И оба мы, Букин и я, по-своему были причастны к созданию громадного муравейника, и остро чувствовал я это в те минуты, когда оживали краски на старом и драгоценном полотне.

– Долго что-то Сережи нет, – заметил я.

Букин сощурил глаз. Морщинкой еще состарил старый доживающий умный лоб и, глядя в картину, буркнул:

– Увлекается. Власть своего рода мальчуган получил. Интересно, ведь… реквизировать!

Мне не хотелось сердить старика улыбкой, я спросил о картине:

– Как вы думаете, чья же это работа?

Сережин энтузиазм уже приписал ее кисти Пуссэна, и Букин об этом слышал.

– Это? – И серьезно и строго, по-профессорски педантично, определил: – Судя по составу красок, по выработке холста, – это, несомненно, старая вещь, копия, может быть, времен Пуссэна. И копия – не плохая. Но, разумеется, не Пуссэн.

Букин любил объяснять, когда его слушали, и мне всегда казалось, что от передаваемых им новых интимных деталей словно телом сызнова обрастал уцелевший скелет какого-нибудь исторического образа. Но сейчас разговор был оборван ворвавшимся Сережей. Именно ворвавшимся, – с увлеченным лицом, с загипнотизированными глазами, со свертком под мышкой. Мимо веселого недоумения моего, мимо сожалеющей гримасы Букина – к столу и на стол осторожно и бережно сверток. И снял бумагу. Я невольно привстал. Чудный фарфоровый конь, взметнувшийся на дыбы, и рыцарь-всадник, стянувший удила!

Звякнула об пол жестянка. Это Букин выронил шпатель. И затем, трагически-сосредоточенный, медленно подходил к столу седой старик, и дрожали морщинистые руки его, когда он ощупывал фарфор.

– Где вы это достали? – глухо спросил он и сел.

И едва не плача, торопясь и волнуясь, выпаливал Сережа:

– Там, в холодном чулане, в каком-то ящике. Еще там примерзли к полу – книги, ветхие – должно быть, старообрядческие. И рукописи.
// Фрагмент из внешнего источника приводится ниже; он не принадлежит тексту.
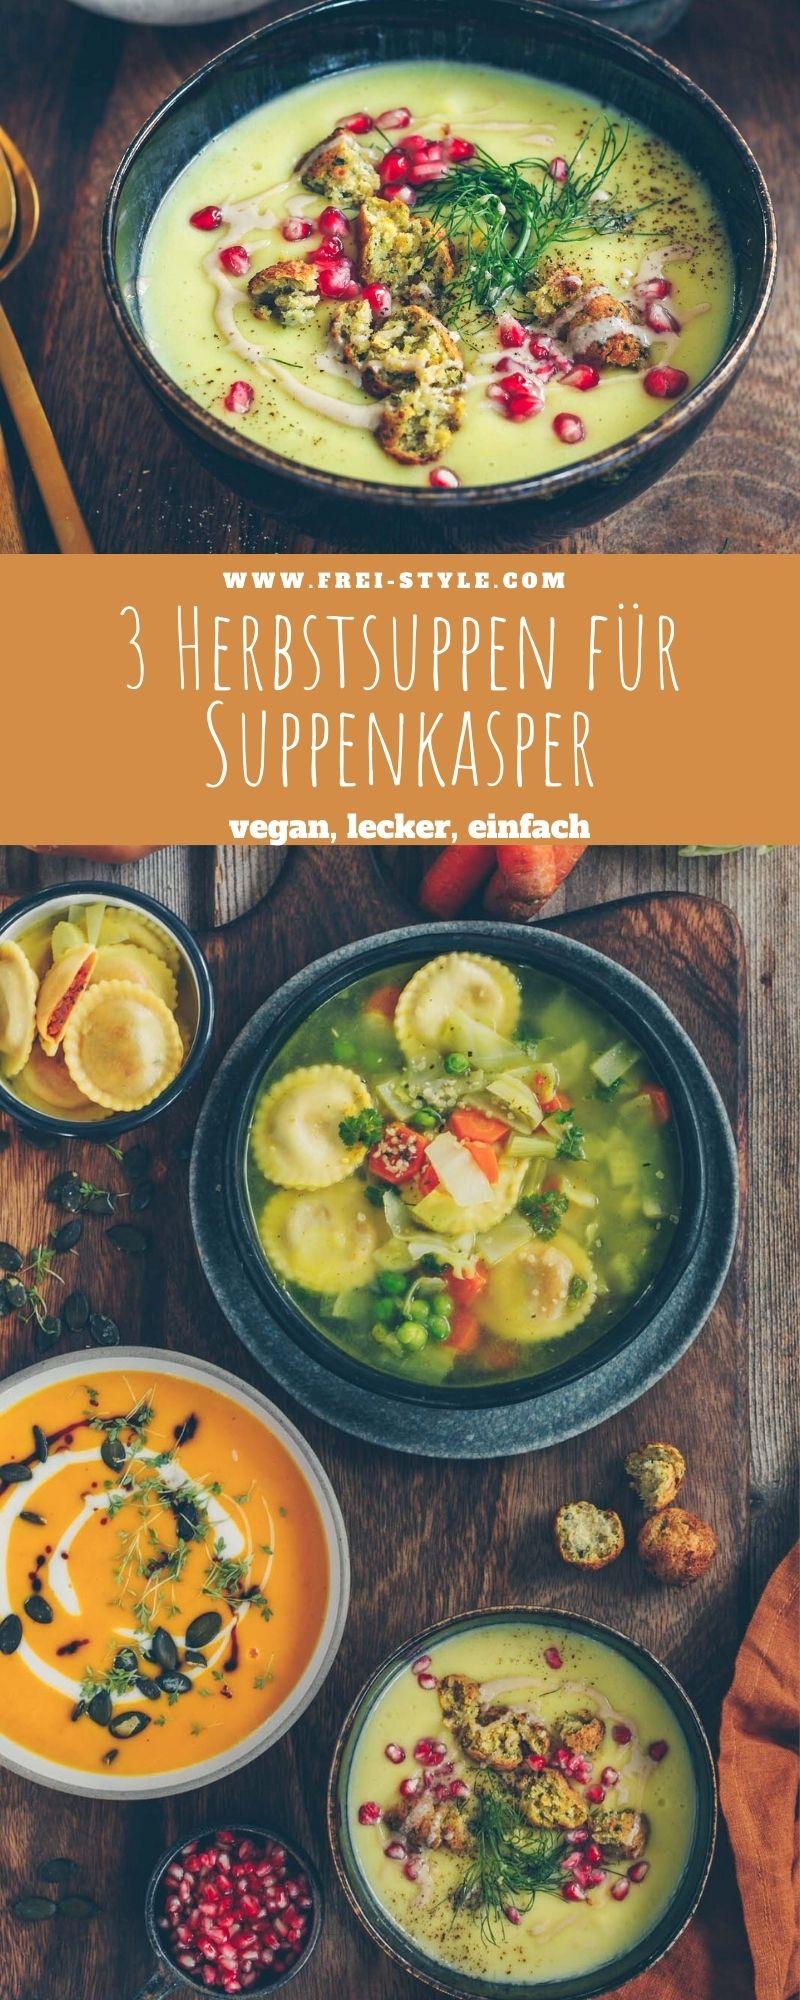 3 Herbstsuppen für Suppenkasper

Одну я принес – вот!

Букин, не слушая, встал. Застегивал старое свое пальто и смеялся пожелтевшими усами.

– Сейчас же идемте туда. Все, что там есть, надо изъять! – топнул он ногой. – Вы сказали… этой милиции, чтобы она охраняла?! – И, торжественно показав на всадника, объявил: – Ценнейшая вещь. Мейсенский фарфор. Или украден из Эрмитажа, или из какой-то очень хорошей коллекции. Ну, идемте, Сергей, идемте!

И, отмахиваясь руками на мои вопросы, догонял убежавшего вперед Сережу.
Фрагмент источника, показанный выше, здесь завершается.